Why should we (not) authorize AI solutions' developers to train their AI models on our public data?
Sort By:
Oldest
Principal Software Engineer, Data Engineering in Energy and Utilities3 months ago
It depends on what is expected out of the AI Models. 1) If the output has to include both generic information and private information, public data training would help. For private information, RAG can be used.
2) If the output should not have hallucinated results and is more Org/User domain-specific, then RAG would be the best approach for contextual grounding.
Information Security Analyst in Governmenta month ago
Good Morning, public data has data quality issues and we need to take that into consideration when building any AI model. There are also unattended biases. We've taken the approach to share city data publicly via chatbots but ensuring that we have controls in places to review and limit specific responses for public queries. For example, we want users to focus on the scope of city services/data provided by city agencies, not necessarily other news outside the scope. Start small and build incrementally.Senior Director - Partner Solutions in Consumer Goodsa month ago
This is a complex question with an even more complex response - short of saying - It Depends!!Innovation, scientific and economic growth are direct factors which will be advantaged by allowing our public data to be trained on.

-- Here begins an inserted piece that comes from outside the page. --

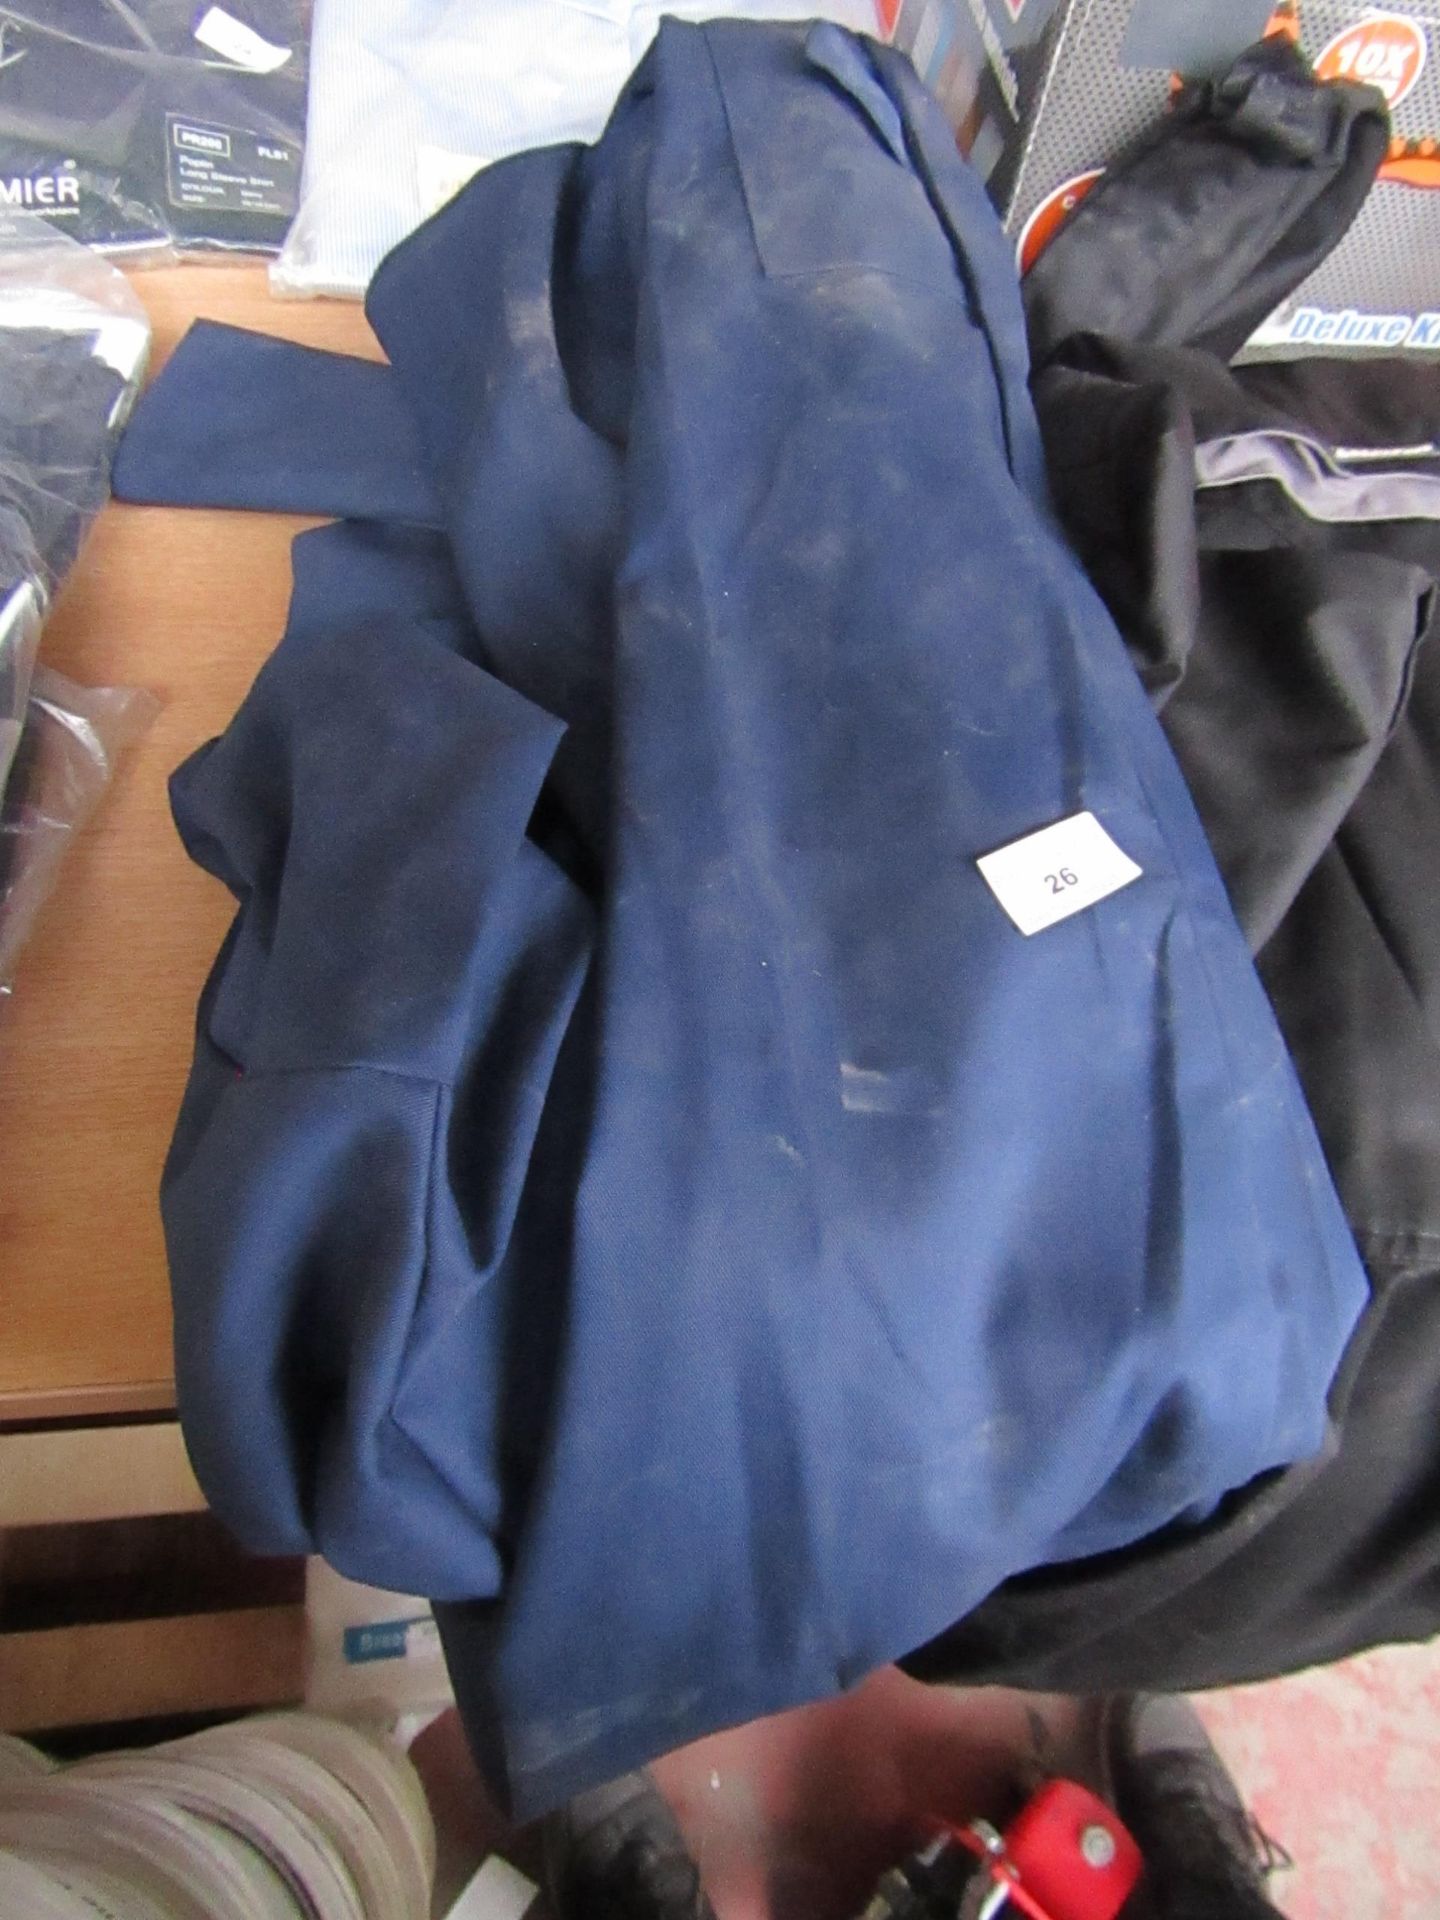 Hercules - Navy Boilersuit - Size 46 - Unpackaged, May Need A Clean.

But, it is more complex and it depends come in because . . .
- Let's say your data is public but has some personal information that may be subject to data privacy laws - who will be responsible?
- Let's say there are copyright considerations in your public data, what is your expectations on fair use?

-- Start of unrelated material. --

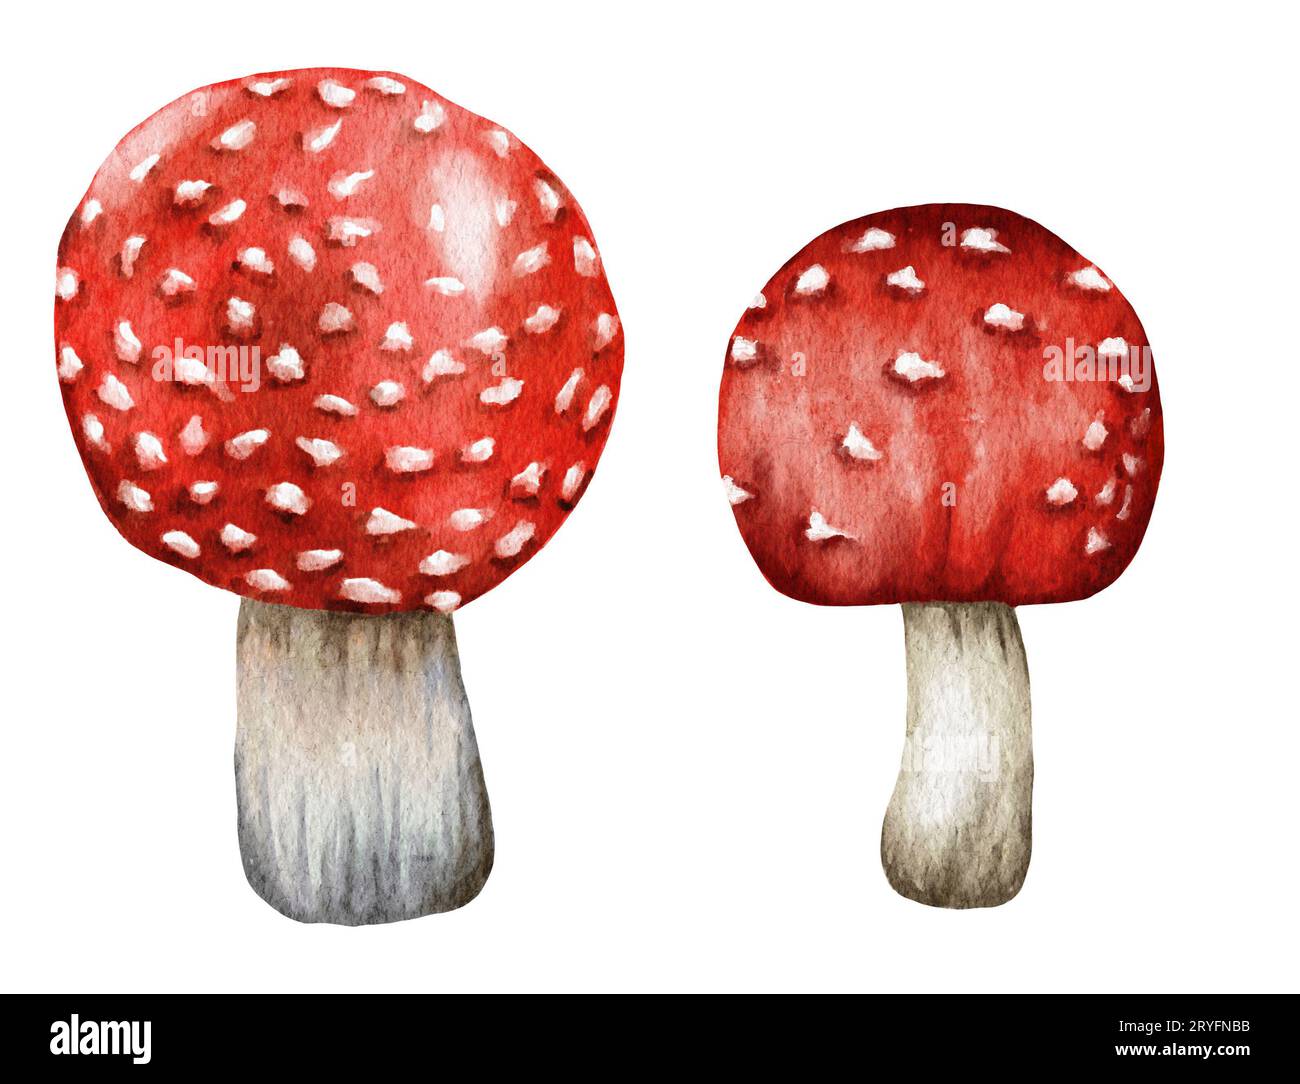 Watercolor dangerous poisonous mushrooms red Amanita muscaria wild fungus fungi from autumn fall forest woodland natural season Stock Photo

- If you are in EU, it gets even more complicated with the life of data if indexed wrt GDPR
Always take in to account any Privacy concerns. Public data often includes personal information about individuals. Allowing developers unrestricted access to this data for training AI models can compromise people's privacy rights. Even if the data is anonymized, there's always a risk of re-identification through advanced data linkage techniques.
Then there is potential misuse of data. Developers might use public data for purposes that are not in the public interest or go against ethical standards. There's a potential for data to be used in ways that harm individuals or groups, such as discriminatory practices in AI decision-making.

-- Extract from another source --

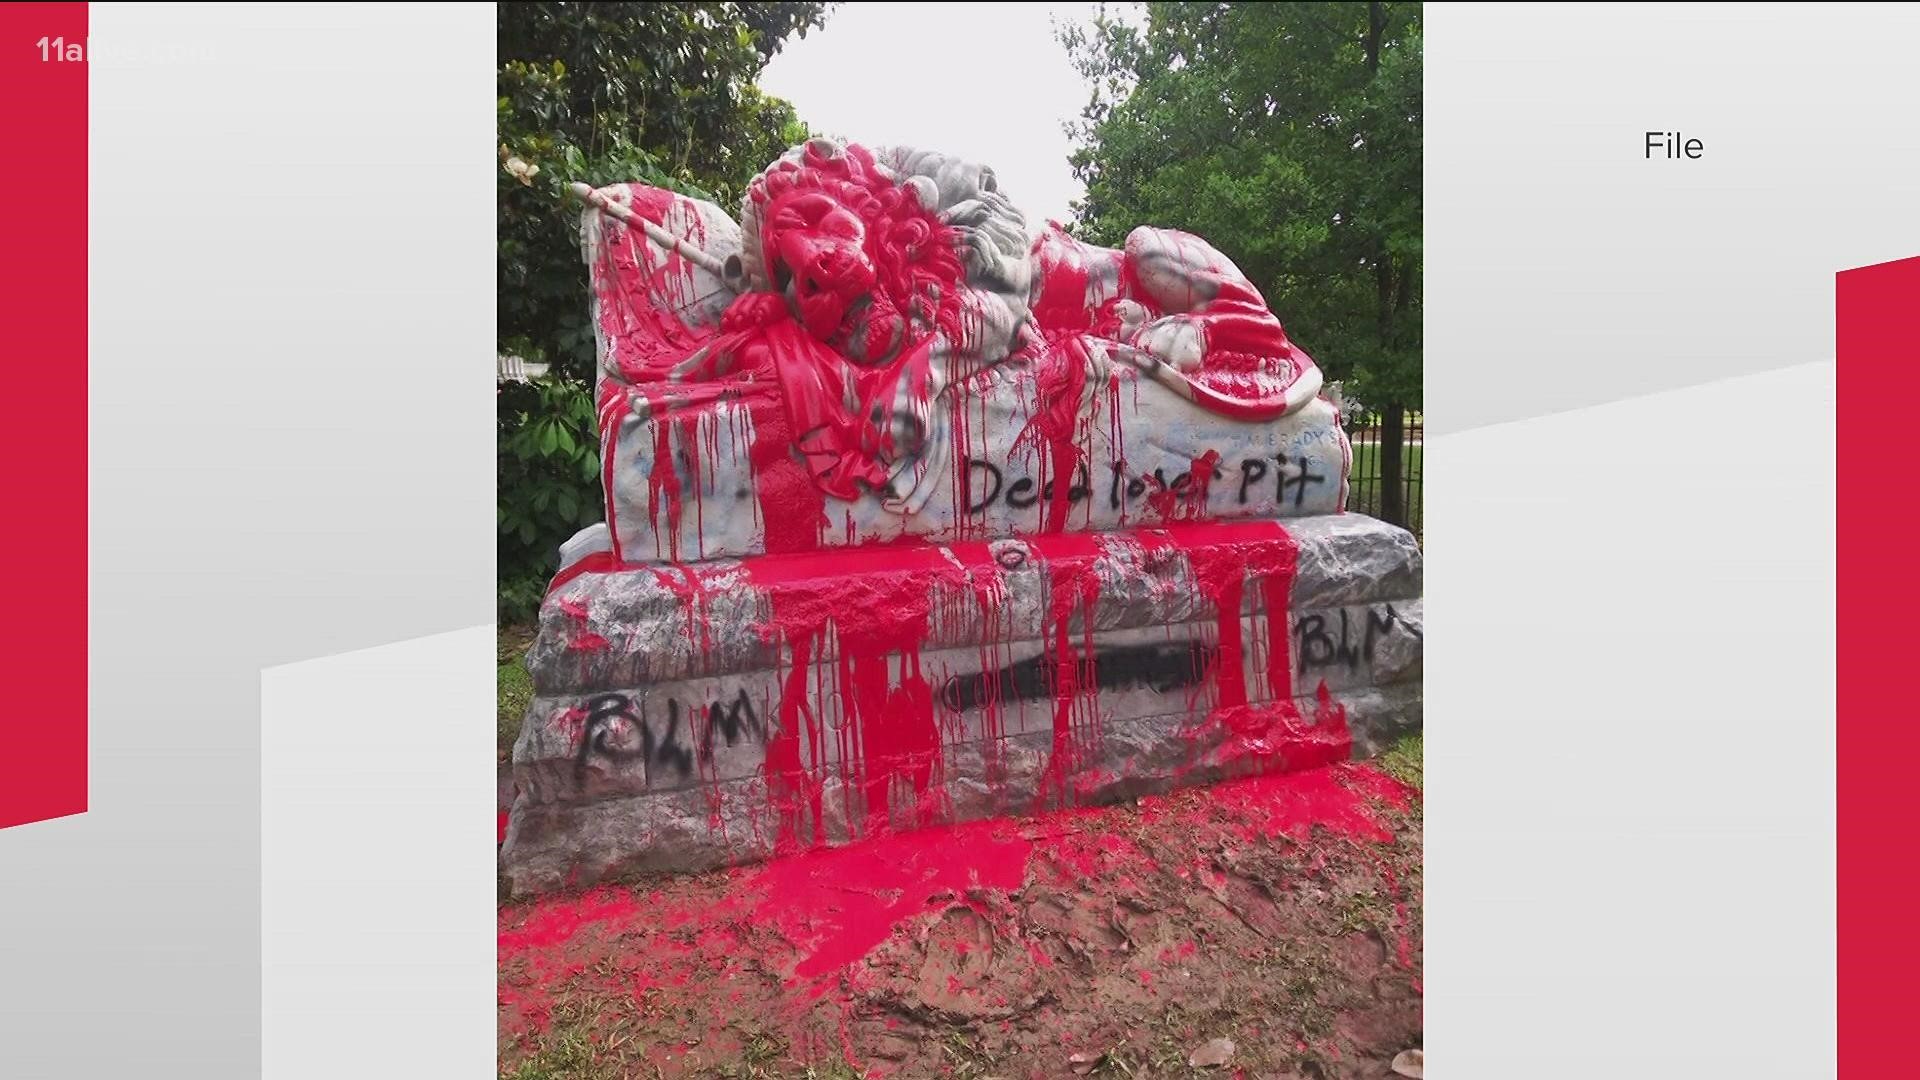 The Oakland Cemetery fixture has been repeatedly defaced.

How do we control it? Developers might use public data for purposes that are not in the public interest or go against ethical standards. There's a potential for data to be used in ways that harm individuals or groups, such as discriminatory practices in AI decision-making.
Then we have the point on sensible AI. Using public data without explicit consent can raise ethical questions about fairness and justice. It may disproportionately benefit developers and tech companies without providing adequate benefits or protections to the individuals whose data is being used.
So yes you can use public data but take some guard rails in your framework so you don't have to struggle on justifying later on.